**Assigned task:** This exercise requires an exact output of the listing, images omitted.

**Data excerpt:**

--- START ---

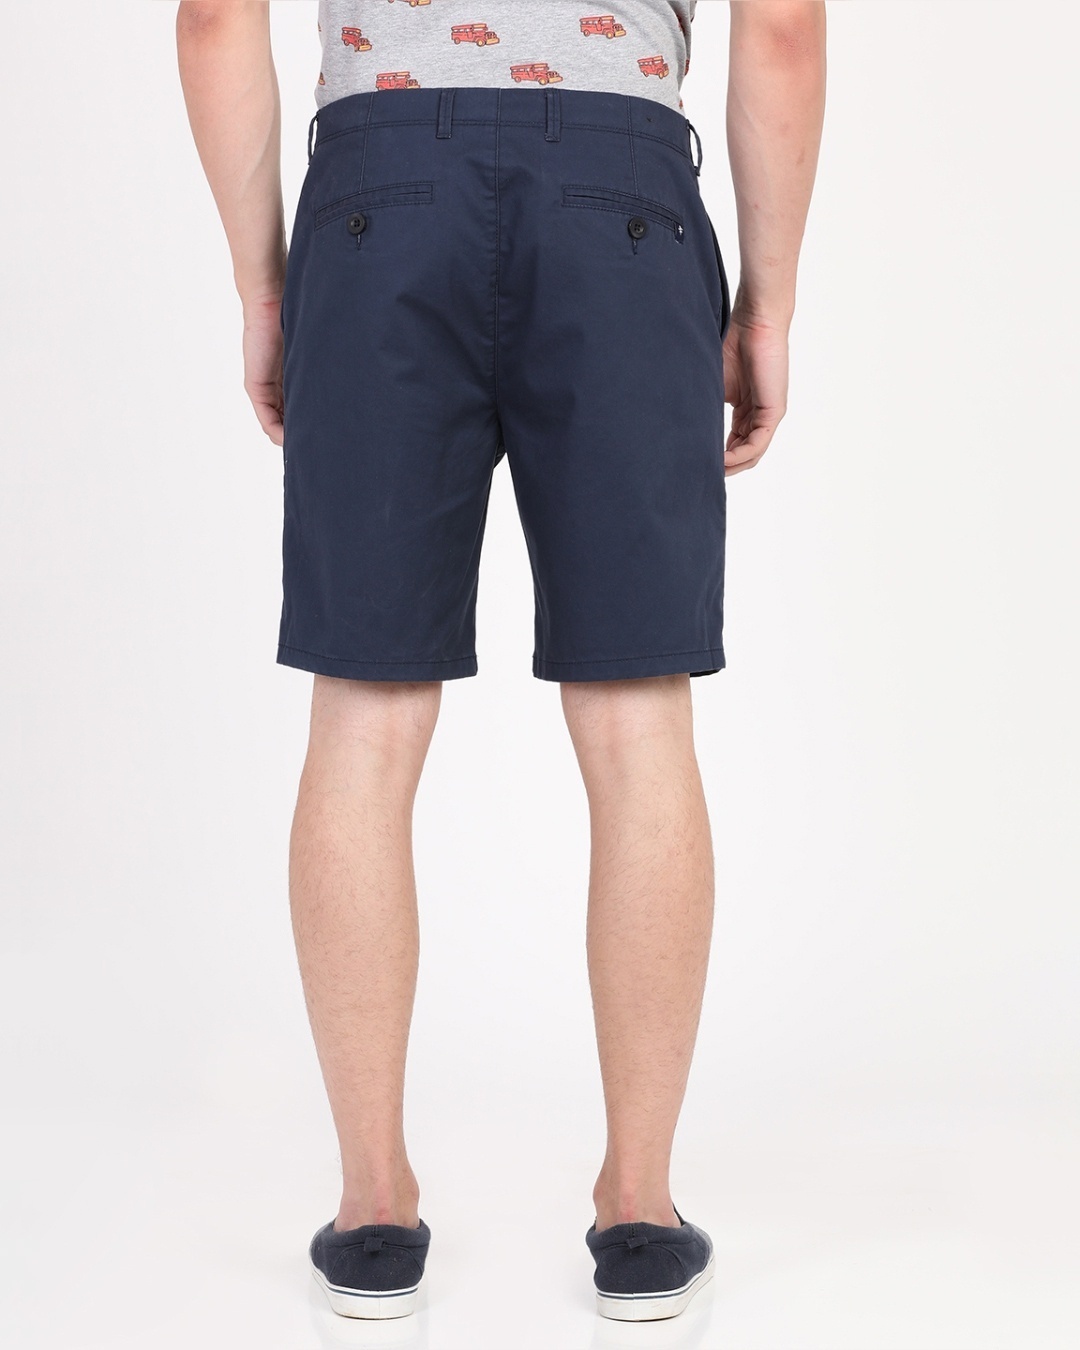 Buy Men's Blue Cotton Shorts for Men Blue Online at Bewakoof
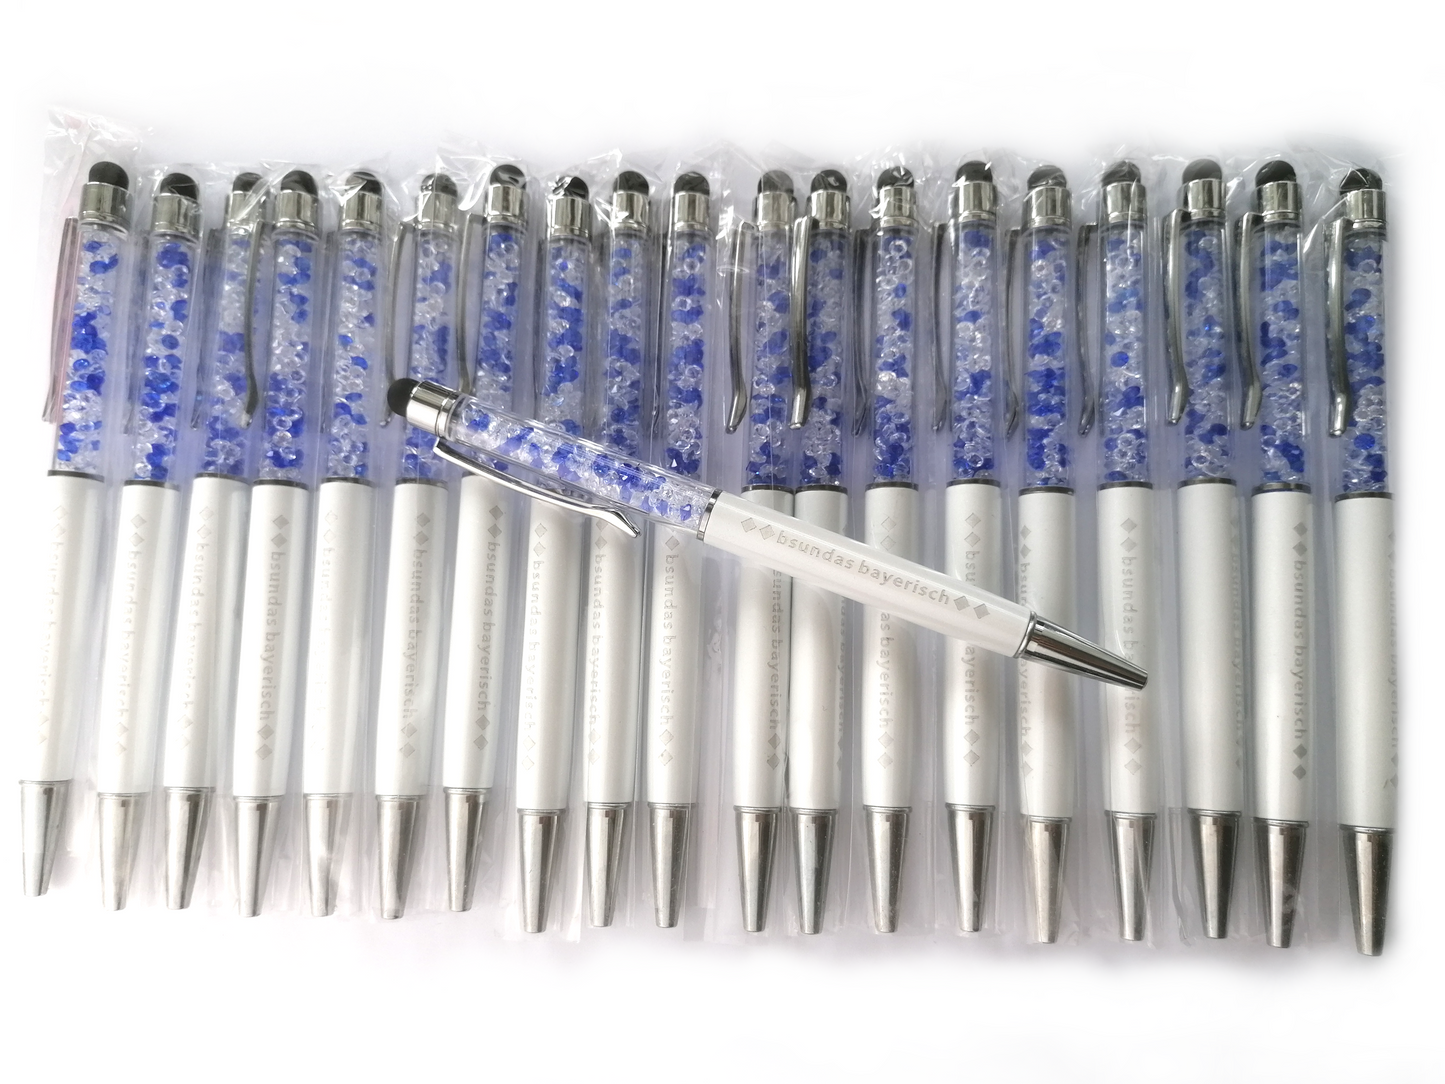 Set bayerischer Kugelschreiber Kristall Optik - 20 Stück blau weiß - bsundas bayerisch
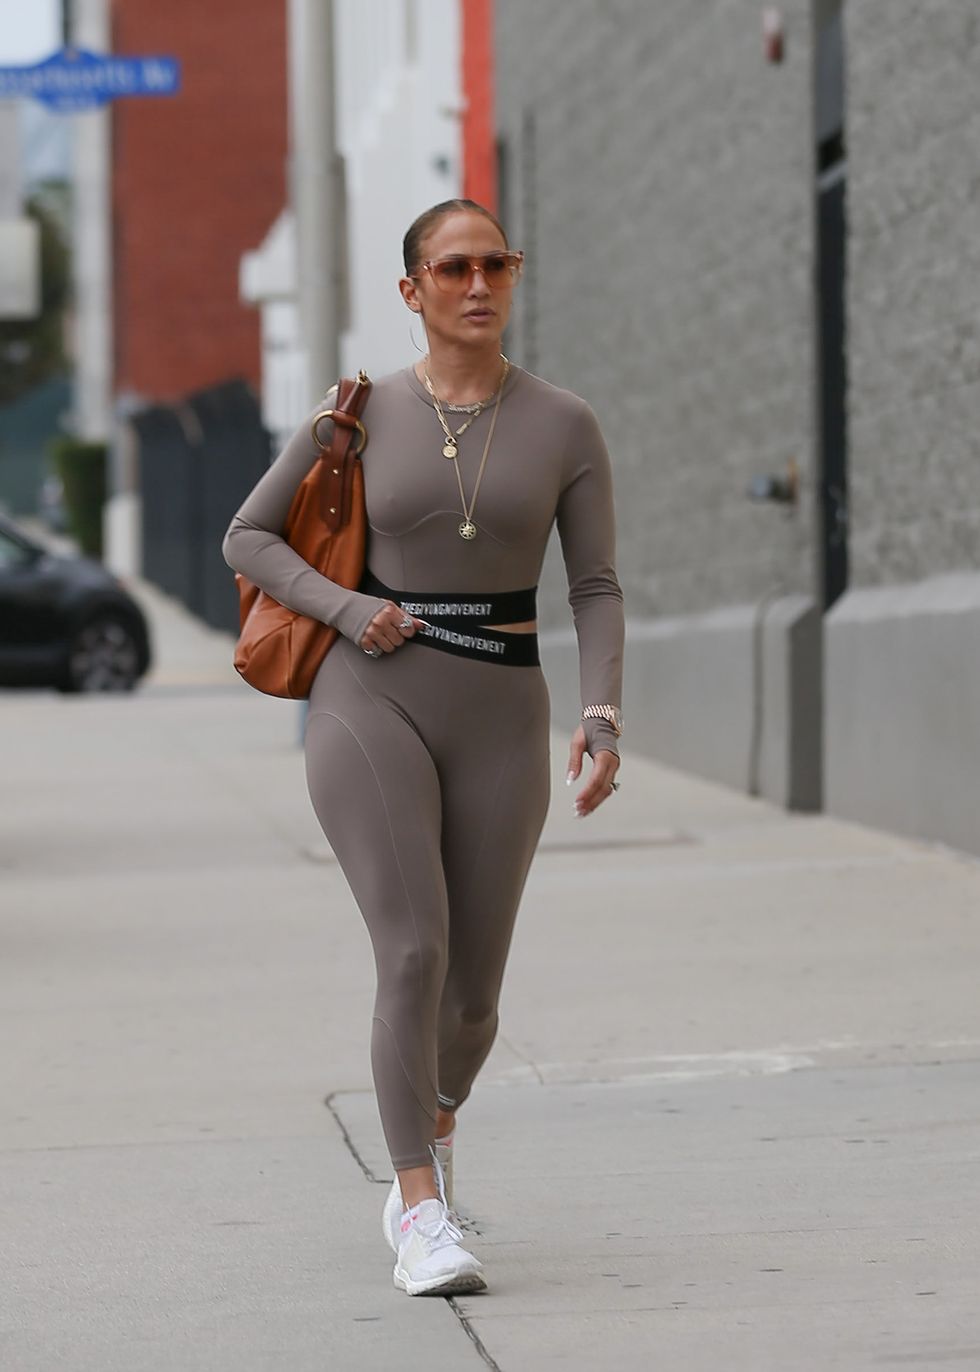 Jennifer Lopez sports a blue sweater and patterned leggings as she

--- END ---

**Problem solution:**
 Buy Men's Blue Cotton Shorts for Men Blue Online at Bewakoof
 Set bayerischer Kugelschreiber Kristall Optik - 20 Stück blau weiß - bsundas bayerisch
 Jennifer Lopez sports a blue sweater and patterned leggings as she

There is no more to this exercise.